The slow farewell to the postman – dpa

“If it were not for the good old post office, where would all the letters come from?” Heinz Rühmann went his own way to this film music as “Briefträger Müller” in the 1950s – on the screen he handed out letters in a small town whose residents he knew well and greeted kindly.

The film makes it clear that the postman was an institution. If there was a new release, the role could be different. Because there are fewer and fewer postmen in Germany. Instead, network distributors who have both packages and letters in the van become more important.

The volume of letters has been declining for a long time

The structural change began at the turn of the millennium and quickly took off in the digital age – people wrote fewer and fewer letters and initially communicated more via emails and eventually also via social media. At the same time, the thriving online store boosted the package business. The result: The volume of mail has been declining for a long time, and the volume of packages is rising.

The relationship between the two postal departments has changed: while in 2010 there were still 21 letters per. package in Germany, this ratio was only 15 to 1 in 2015 and 8 to 1 in 2020. The trend will continue to decline: in 2025 Deutsche Post expects five letters per package. package.
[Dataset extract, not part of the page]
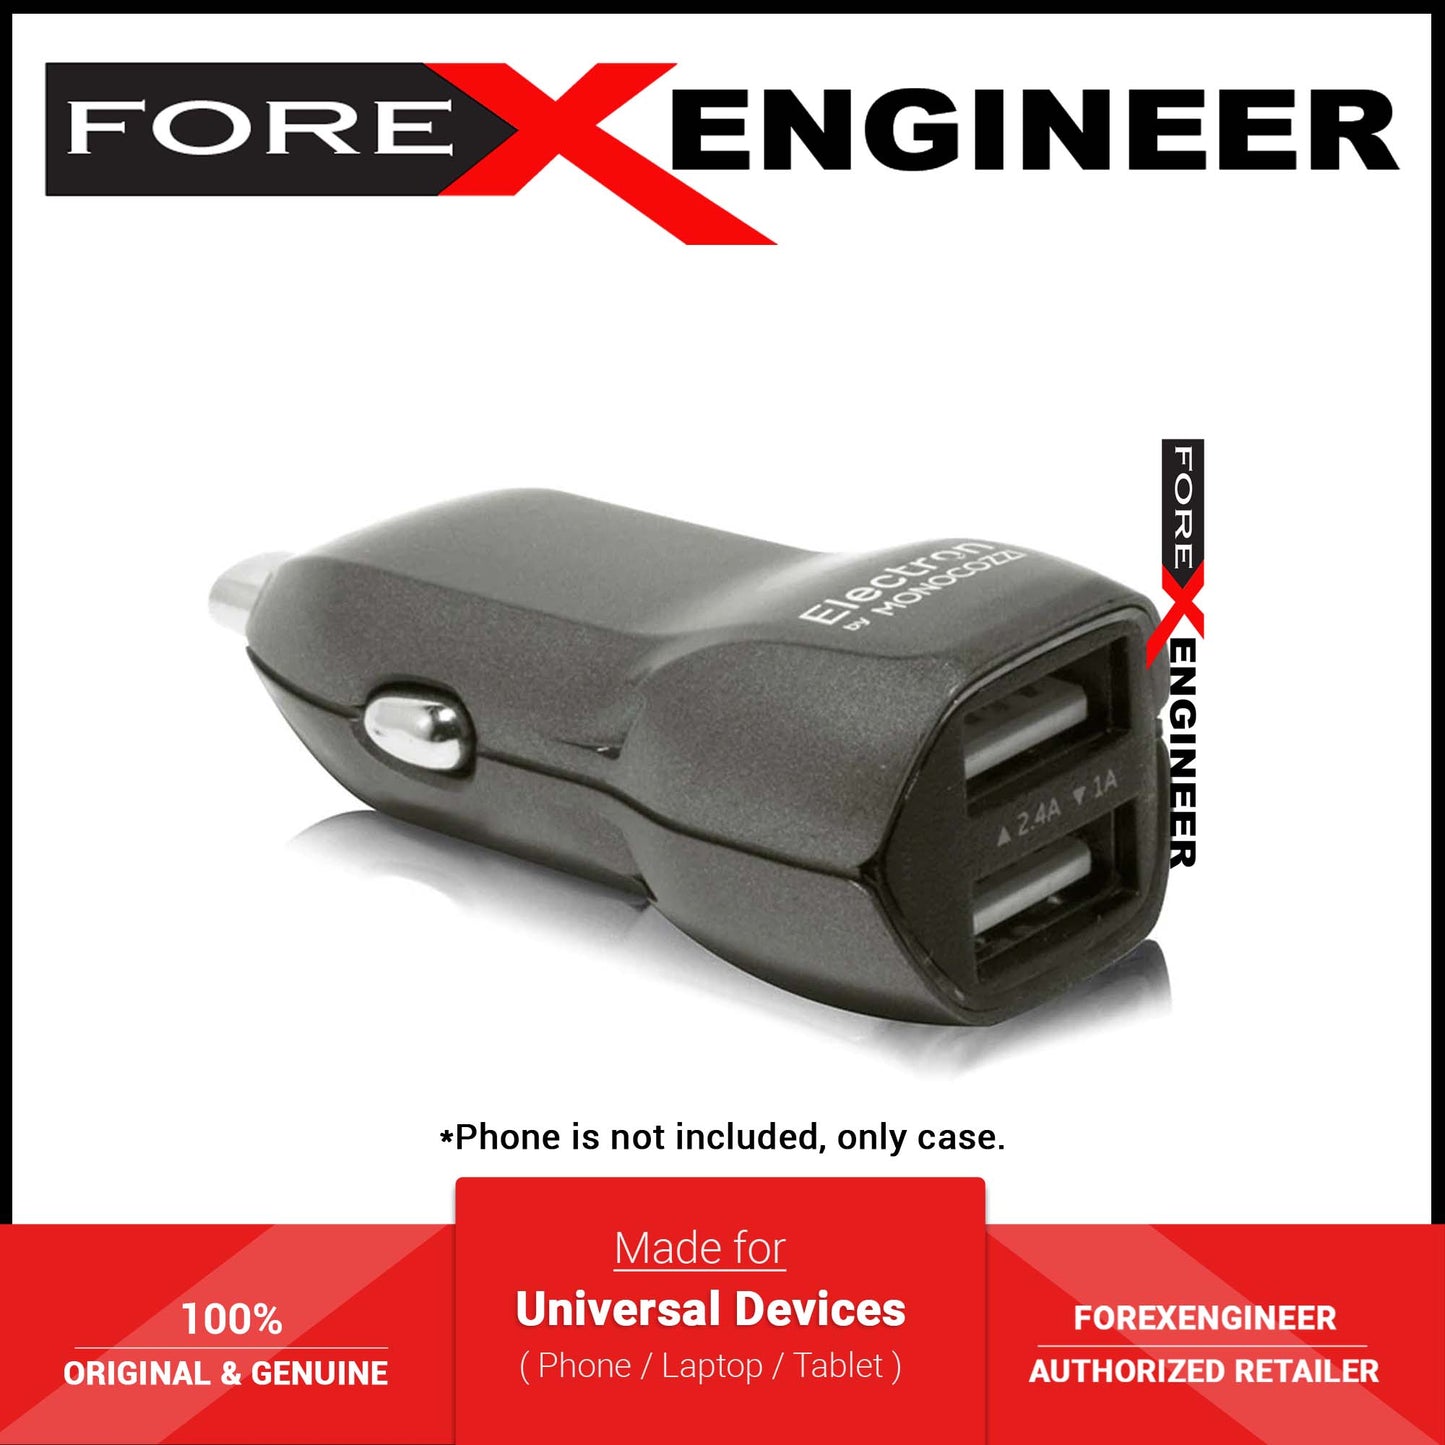 Monocozzi Automotive ORE 3.4A Dual USB Car Charger - Charcoal (Barcode: 4897021599950 )

By 2030, the ratio should only be three to one.

One is “confronted with an intensifying structural change of ever-decreasing letter volumes and increasing parcel volumes,” says Tobias Meyer, board member of Post & Pakke Tyskland. “The corona pandemic has accelerated this development again and strengthened this trend.” We are therefore expanding the network delivery, where it “makes sense and can be done” – “in order to continue to be able to offer our employees secure jobs with a decent salary”. The logic behind this: If you continued to deliver letters as before, the delivery network would eventually become unaffordable given the declining mail volume.

“Serious operational consequences” threaten

An internal paper, available for dpa, illustrates the great importance of the topic for the group. In the document, the company emphasizes that countermeasures must be taken. One is “constantly exposed to increasing demands from competition, customers and legislators”. If one does not act decisively, “serious operational consequences” will threaten.

In fact, the restructuring that began just over two decades ago is progressing. Of the approximately 55,000 delivery districts in Germany, 55 percent have already switched to combined delivery – the classic postman no longer exists. In 2017, the share was below 50 percent, in 2025 it is expected to rise to 70 percent. Previously, combined delivery only took place in rural areas, after which cities were also involved.

At Deutsche Post, where the annual general meeting is on the agenda today, combined delivery is an ongoing topic. In parts of the workforce, it is registered with concerns.

“Many are already working at the border”

Maik Brandenburger from the communications association DPV points out that the physical strain on employees who have so far only delivered letters will probably increase in group delivery – after all, they must also have heavy packages with them. “Many providers are already working at the border and sometimes longer – an additional burden will drive the already high sickness absence even further up.” The union announces further work intensification and staff reductions as a result of the expanded network delivery.

Thorsten Kühn from the trade union Verdi admits that structural changes can not be ignored. “So it’s obvious that you do not continue as usual in all delivery areas.” The shift from postman to group postman also helps to secure jobs in the long term.

Find another solution for mail providers

In principle, people are open to the subject, says Kühn. “However, we need to keep a close eye on the load – tools are needed to be able to transport heavy packages, such as handcarts or other special equipment.” In addition, there should be no coercion, he says. “Should long-term letter distributors not want to be retrained as a group deliverer, another solution would have to be found for them.”

And what does that mean for consumers? There will probably be no more waiting time for the few letters you still receive. “The parcel network is trimmed for efficiency – if letters are also delivered by the parcel courier, they should arrive just as quickly as before,” says Frankfurt logistics professor Kai-Oliver Schocke. He also considers the measures taken by the Swiss Post to be unavoidable and correct. For the consumer, the gradual farewell to the postman is a nostalgic thing: “The well-known postman may soon no longer appear in front of some front doors – but the courier is certainly at least as kind.”